Work required
Repeat the data word for word, excluding every picture.

[Information provided — start]

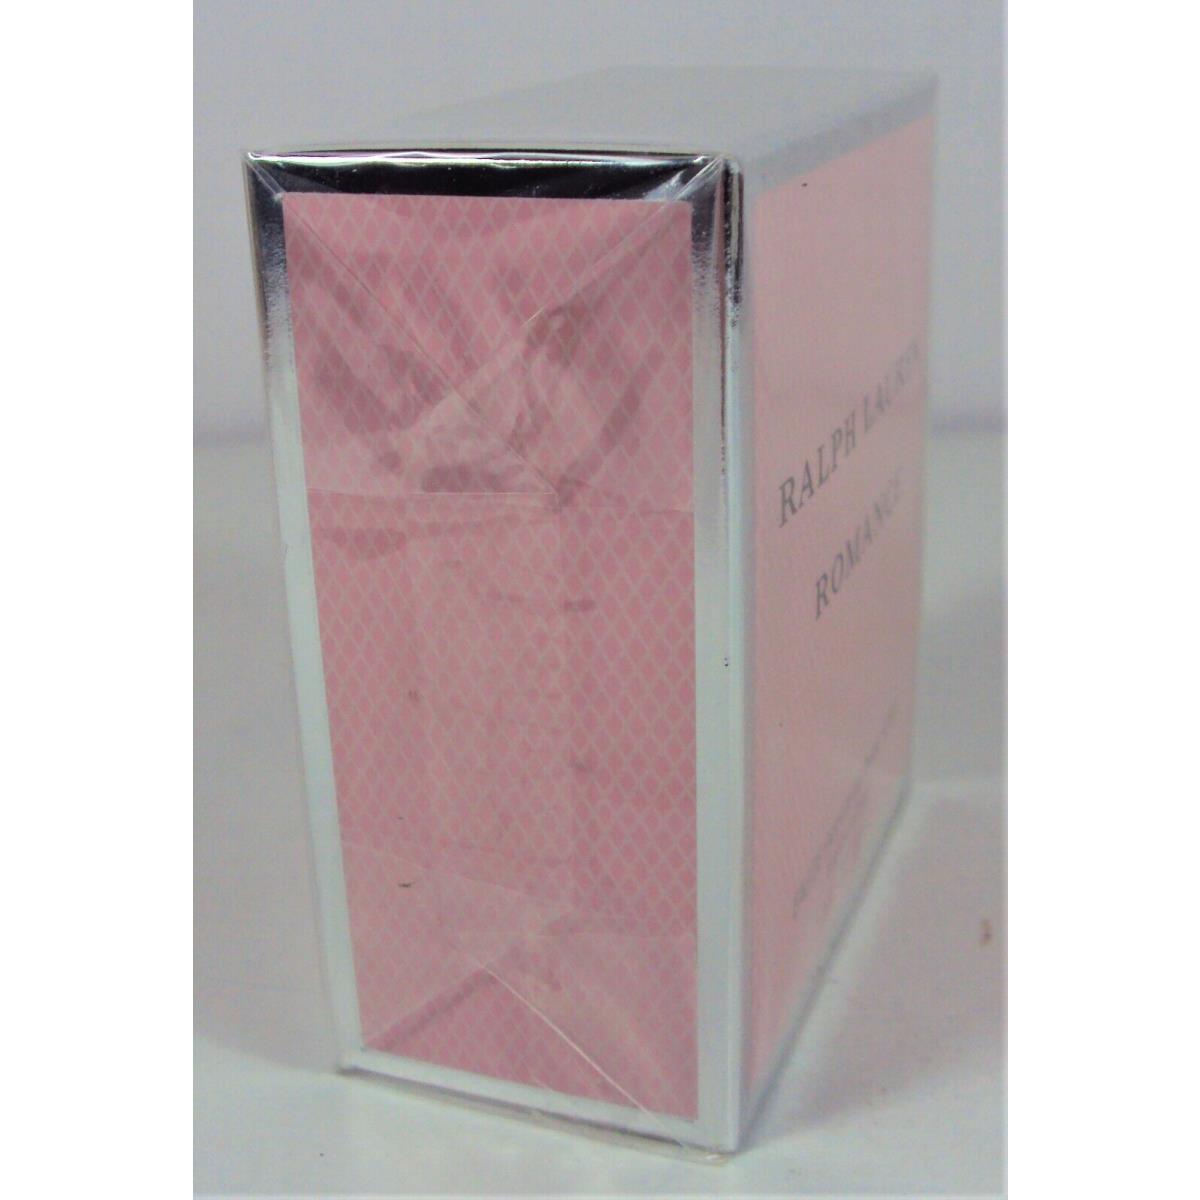 Romance by Ralph Lauren Eau de Parfum Spray 1.7 oz / 50 ml - Ralph
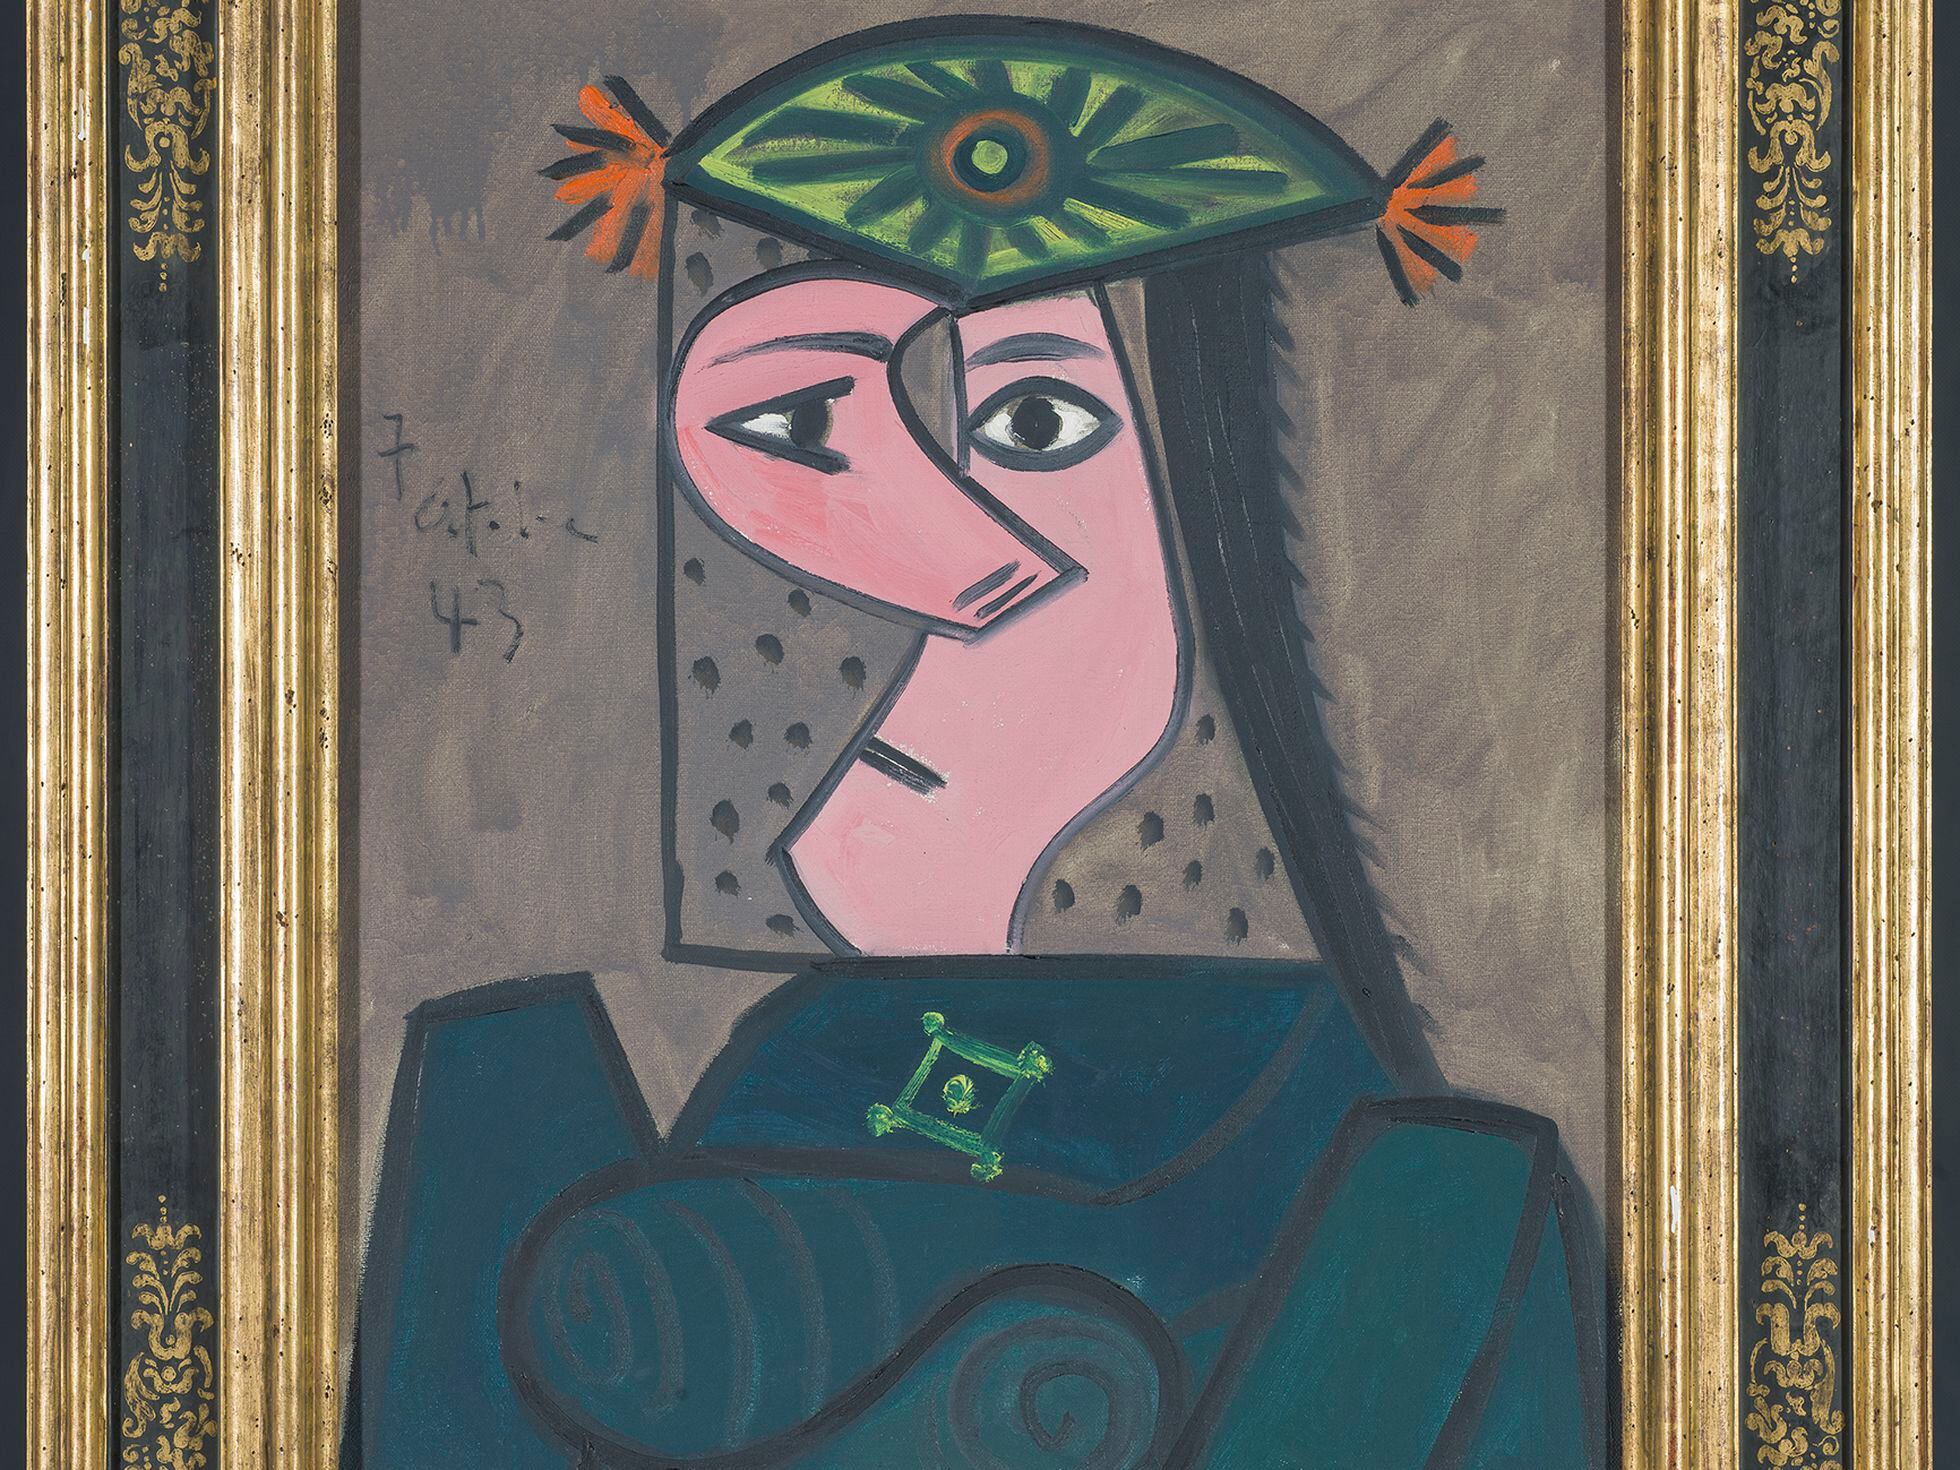 Picasso me parece arte aberrante y sobrevalorado
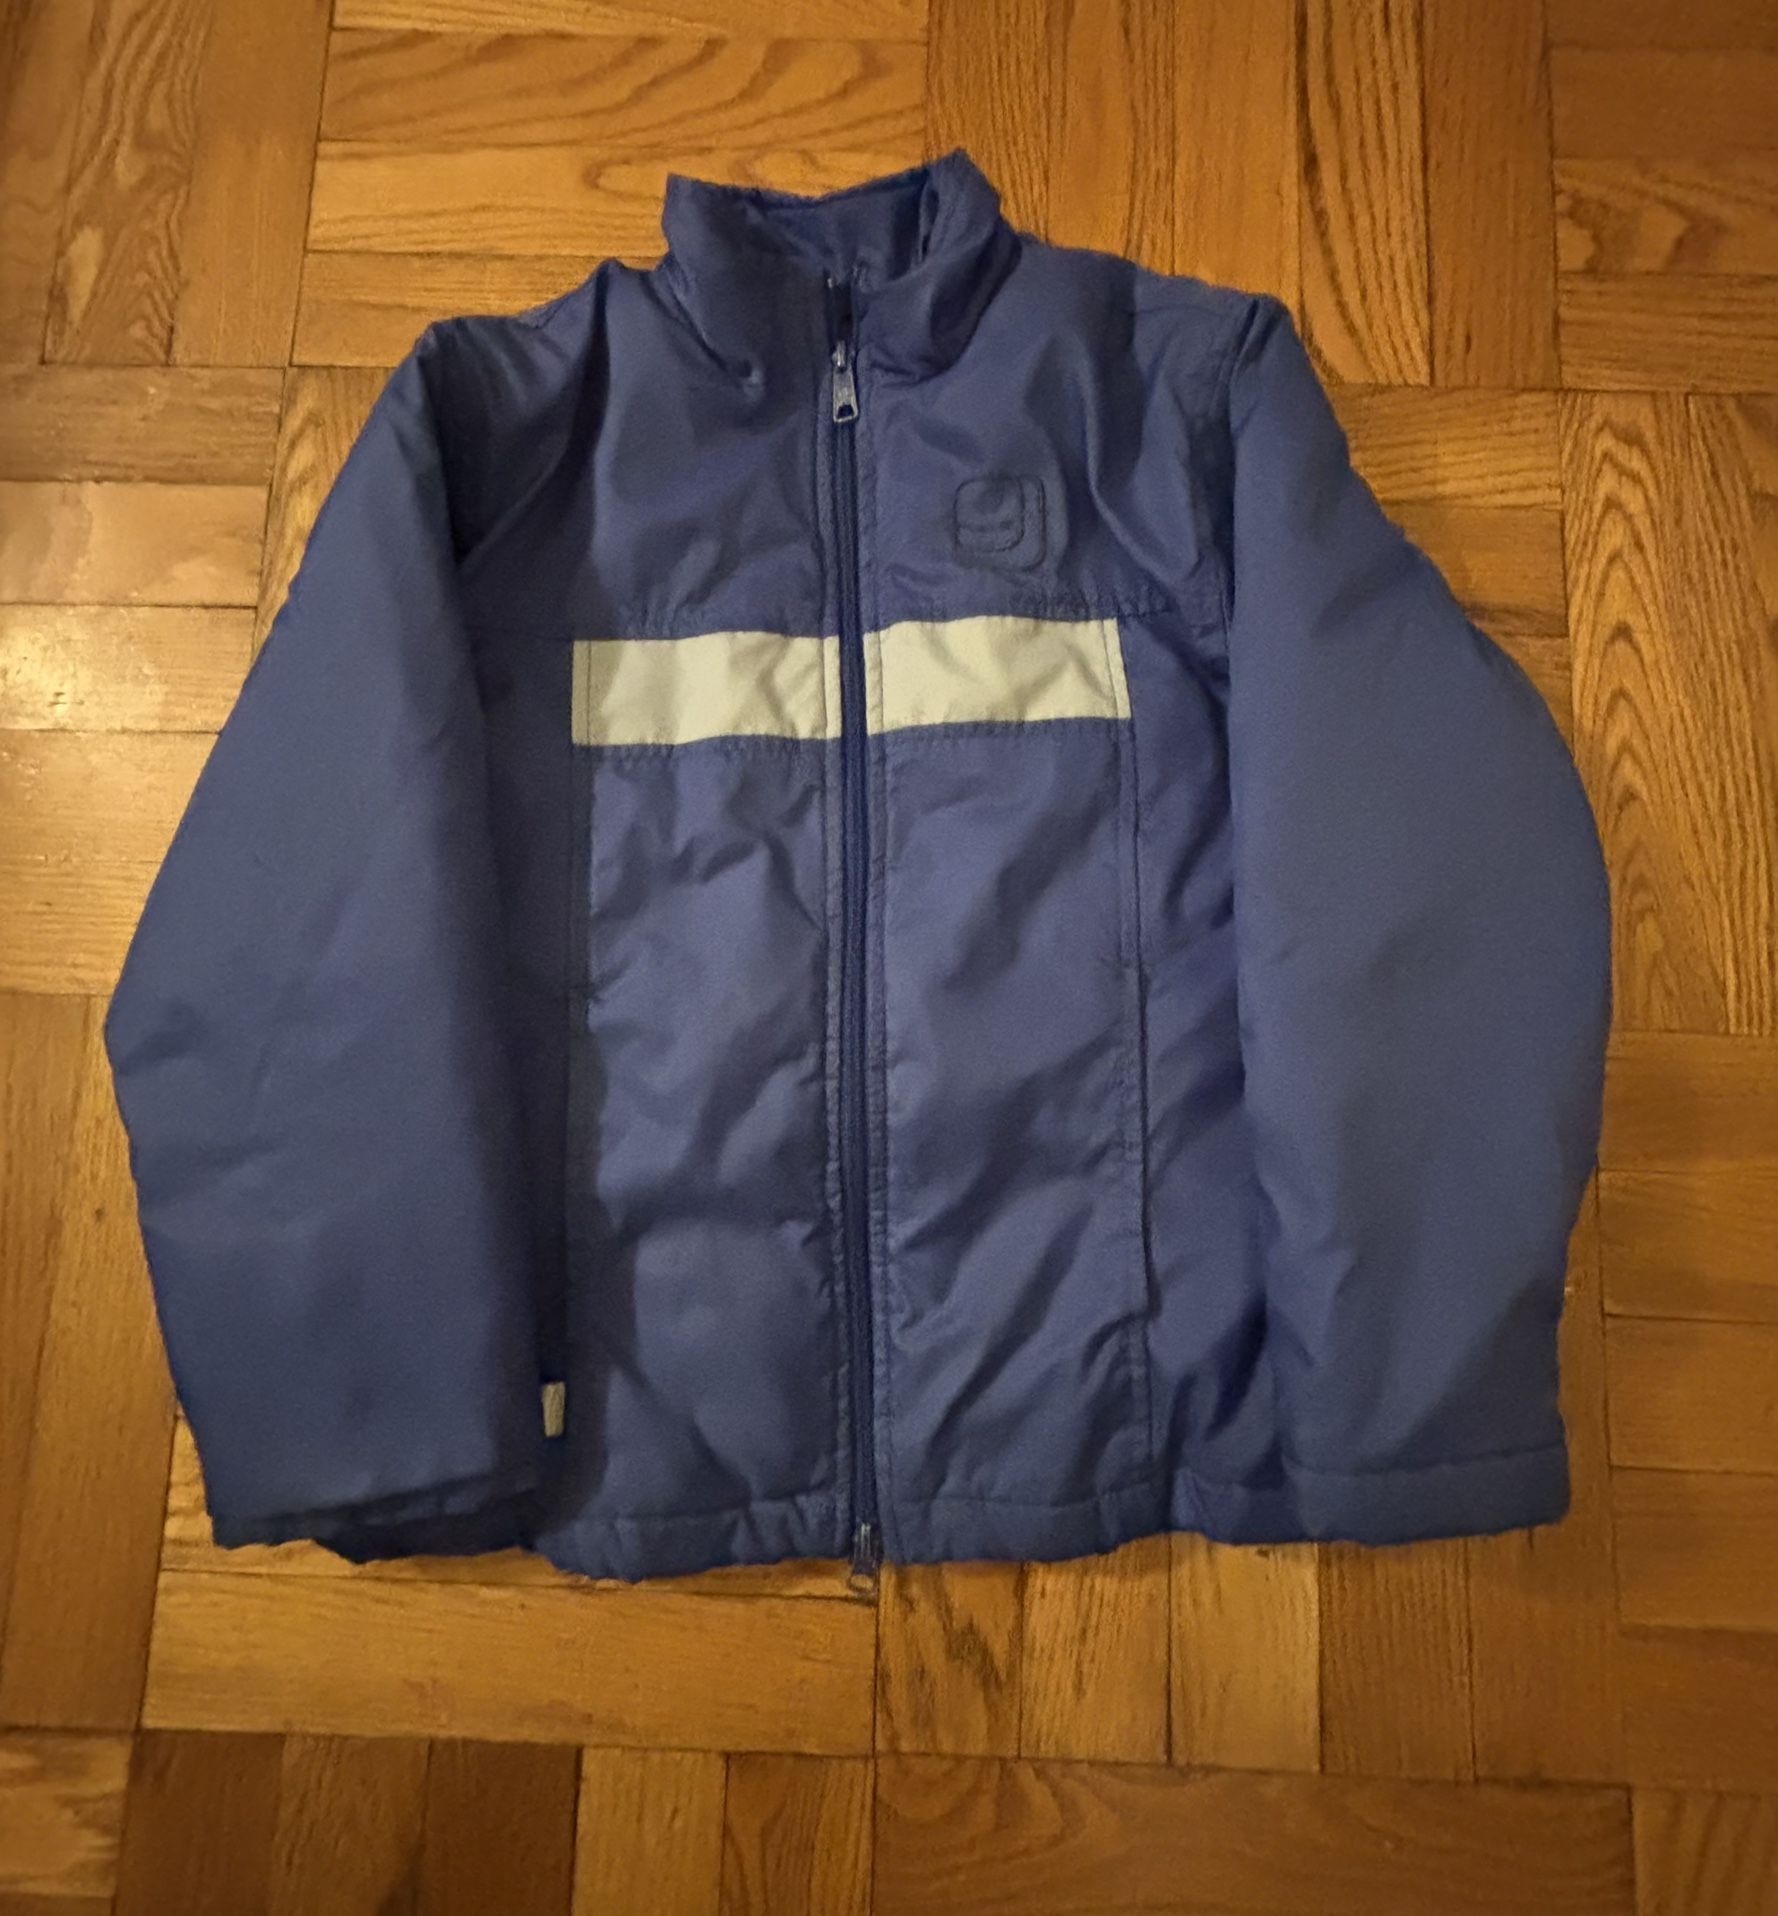 Vintage nike jacket

[Information provided — finish]

Solution to the problem
 Romance by Ralph Lauren Eau de Parfum Spray 1.7 oz / 50 ml - Ralph
 Picasso me parece arte aberrante y sobrevalorado
 Vintage nike jacket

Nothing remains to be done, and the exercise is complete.